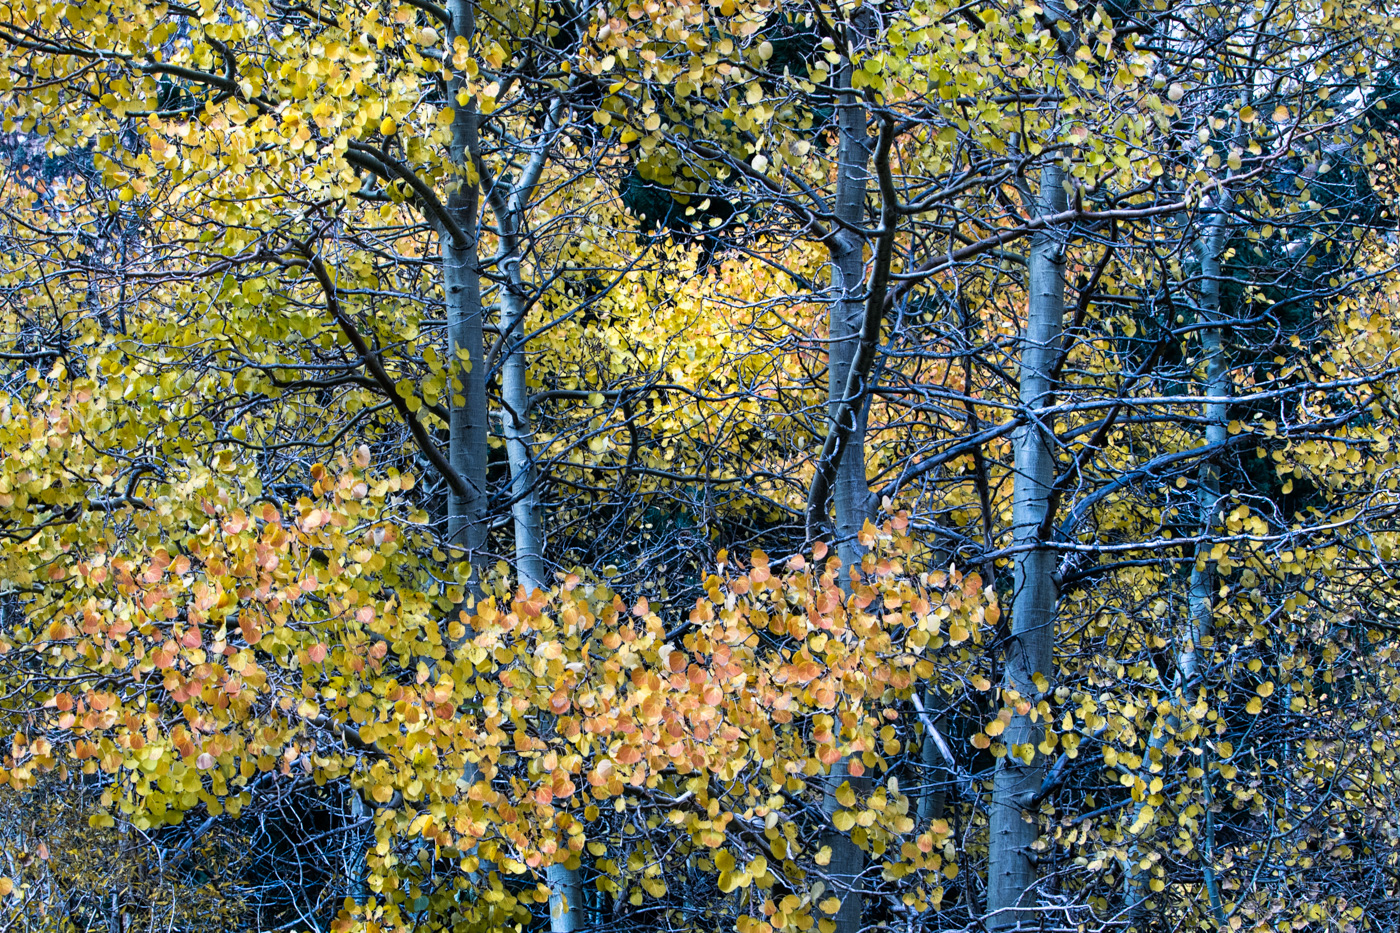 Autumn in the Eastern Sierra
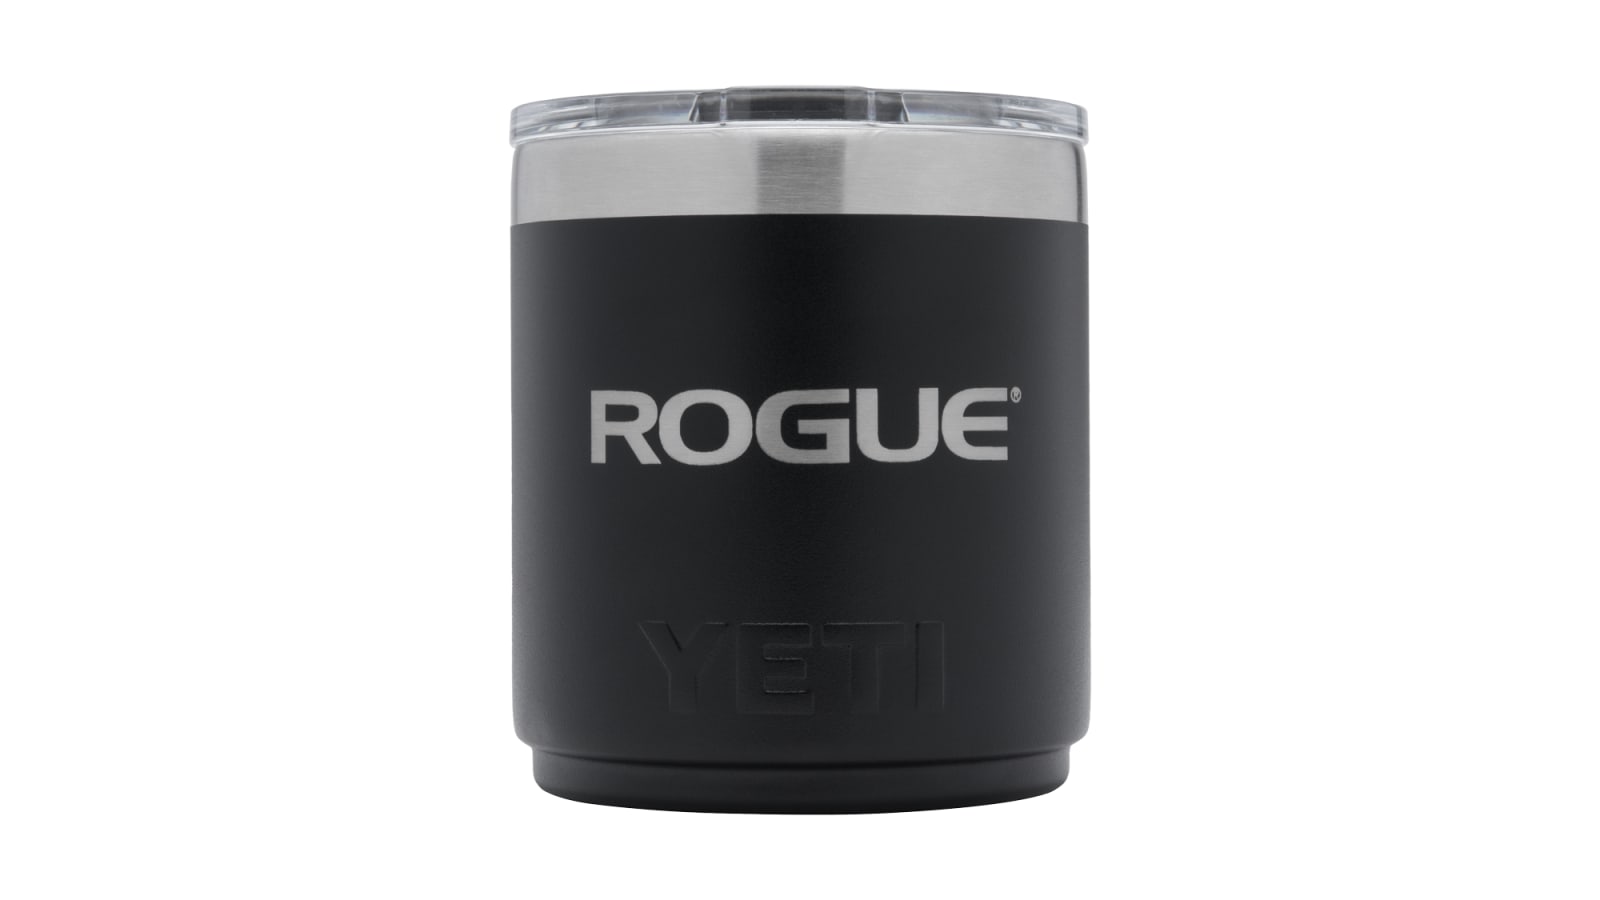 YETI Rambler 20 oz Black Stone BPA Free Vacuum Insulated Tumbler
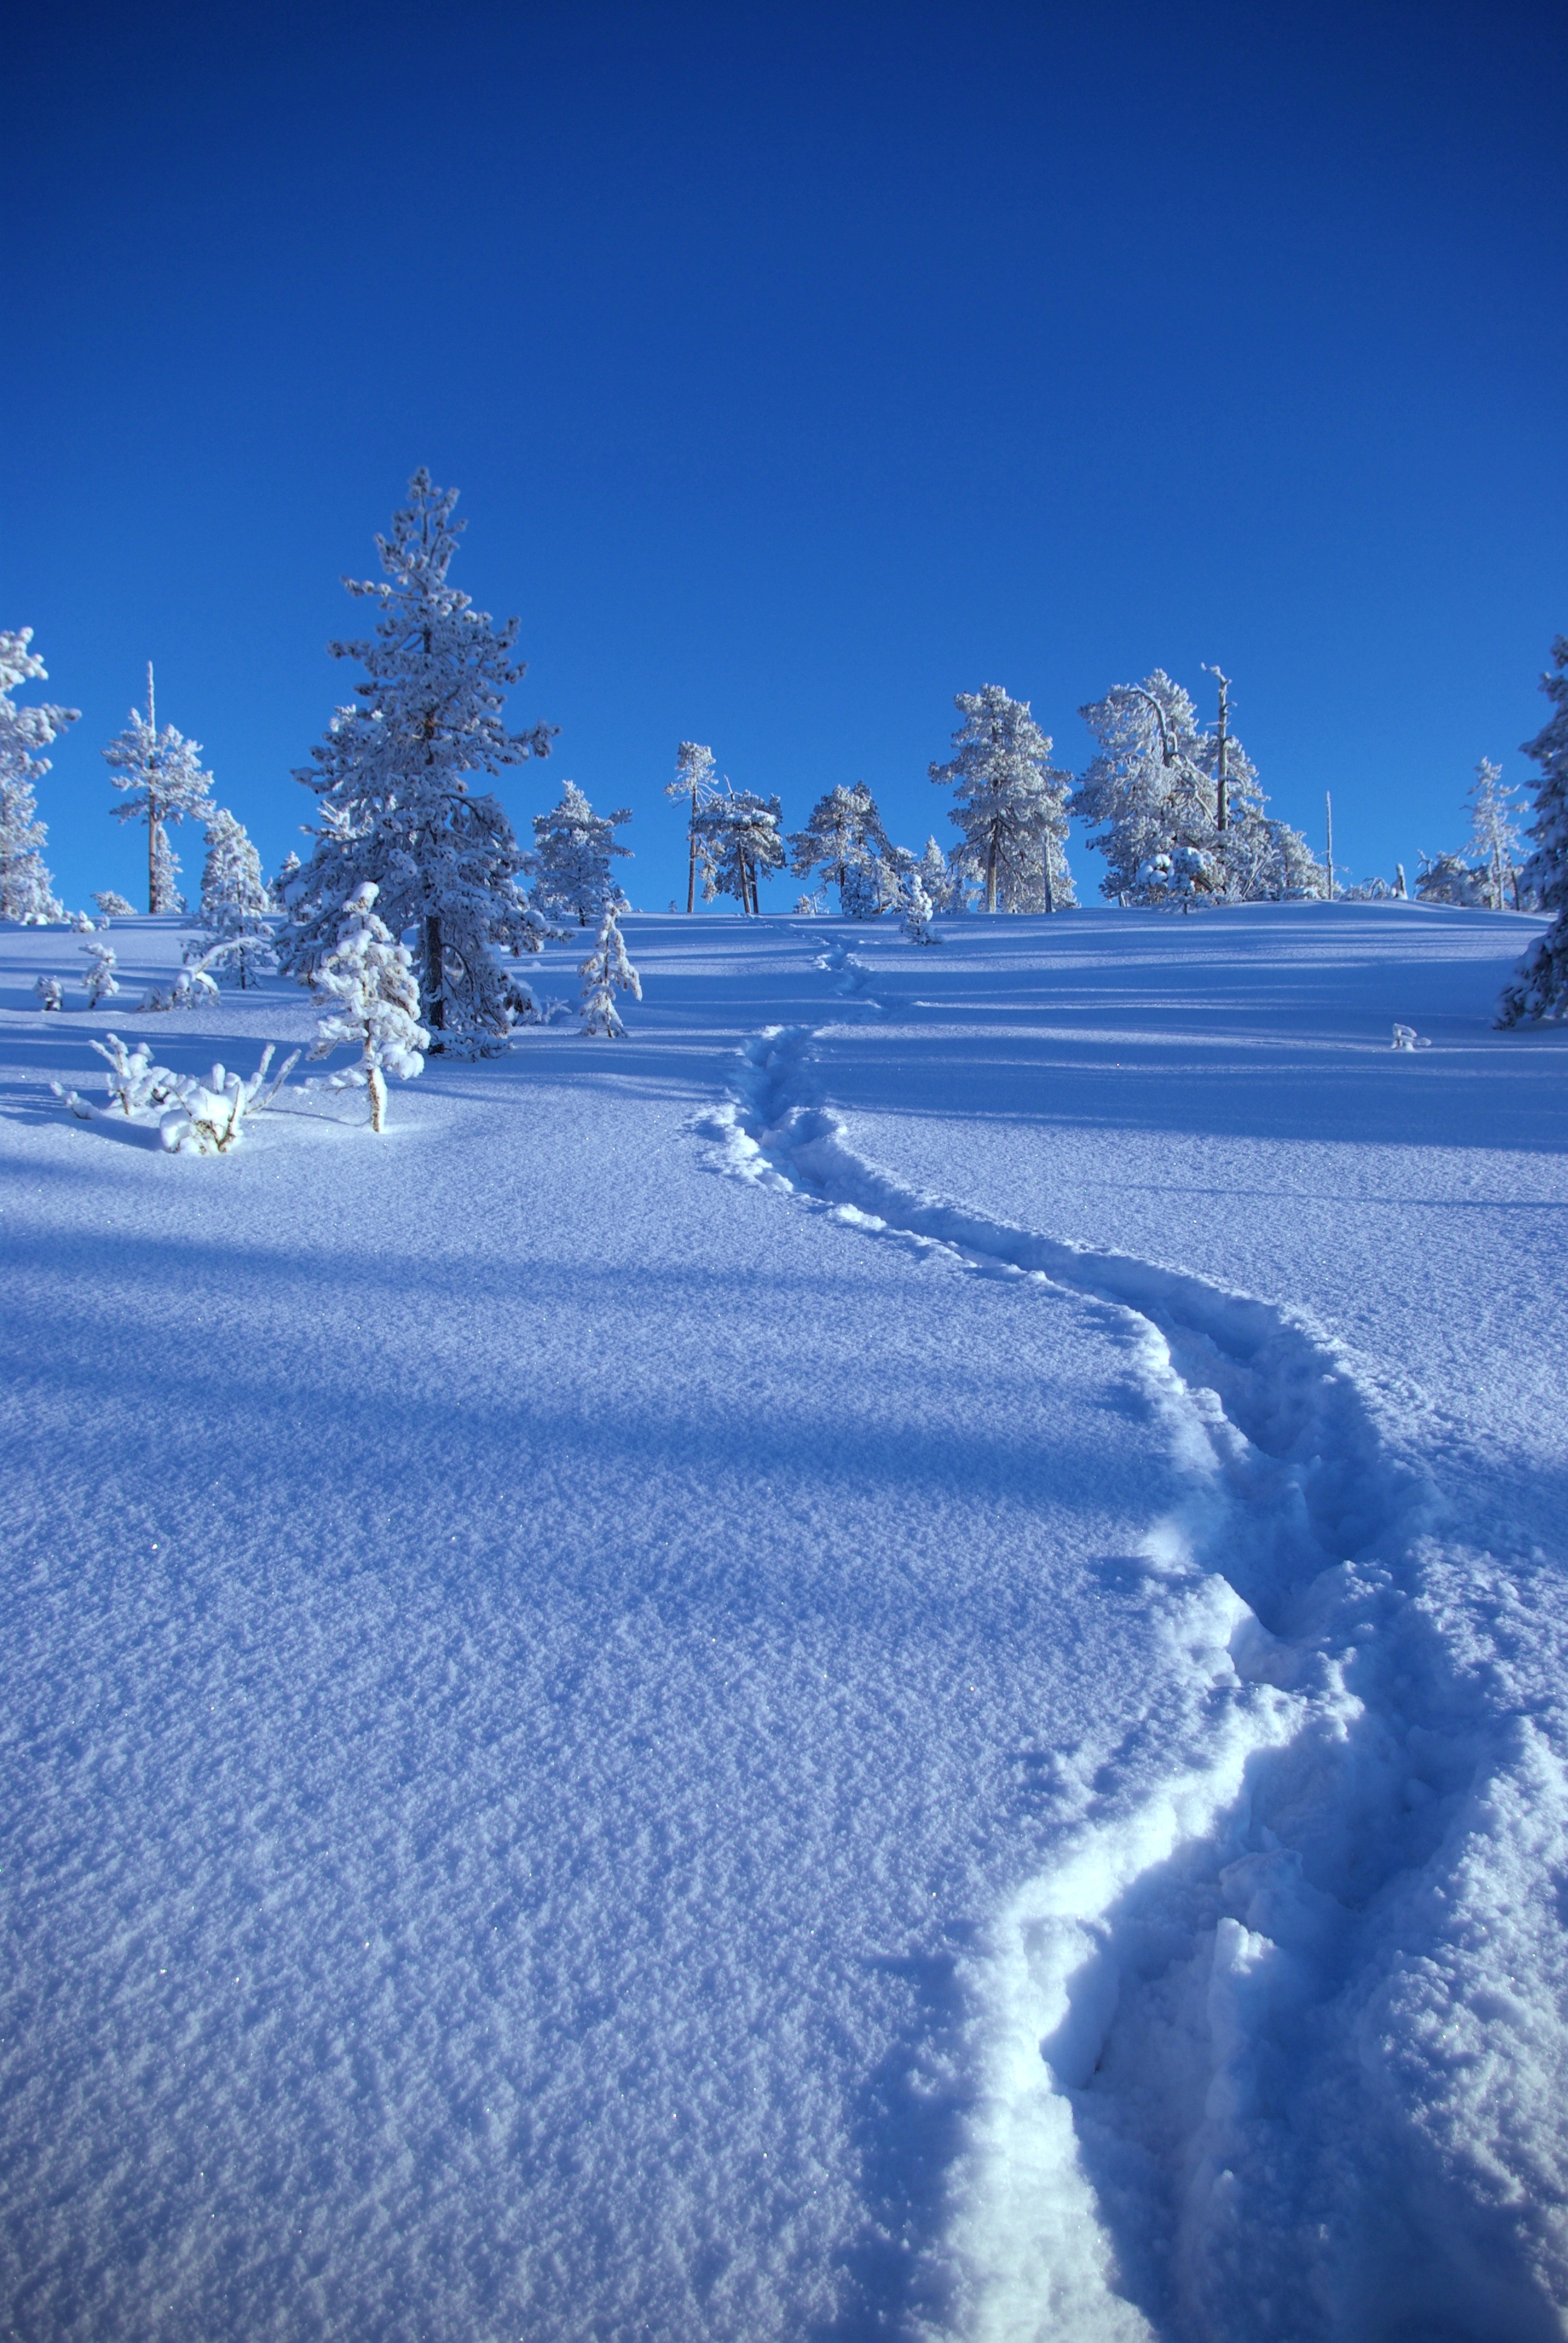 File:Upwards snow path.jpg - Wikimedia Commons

--

Work task → For the data above, return an exact copy that contains no pictures.

Written response →
 Autumn in the Eastern Sierra
 YETI Rambler 20 oz Black Stone BPA Free Vacuum Insulated Tumbler
 File:Upwards snow path.jpg - Wikimedia Commons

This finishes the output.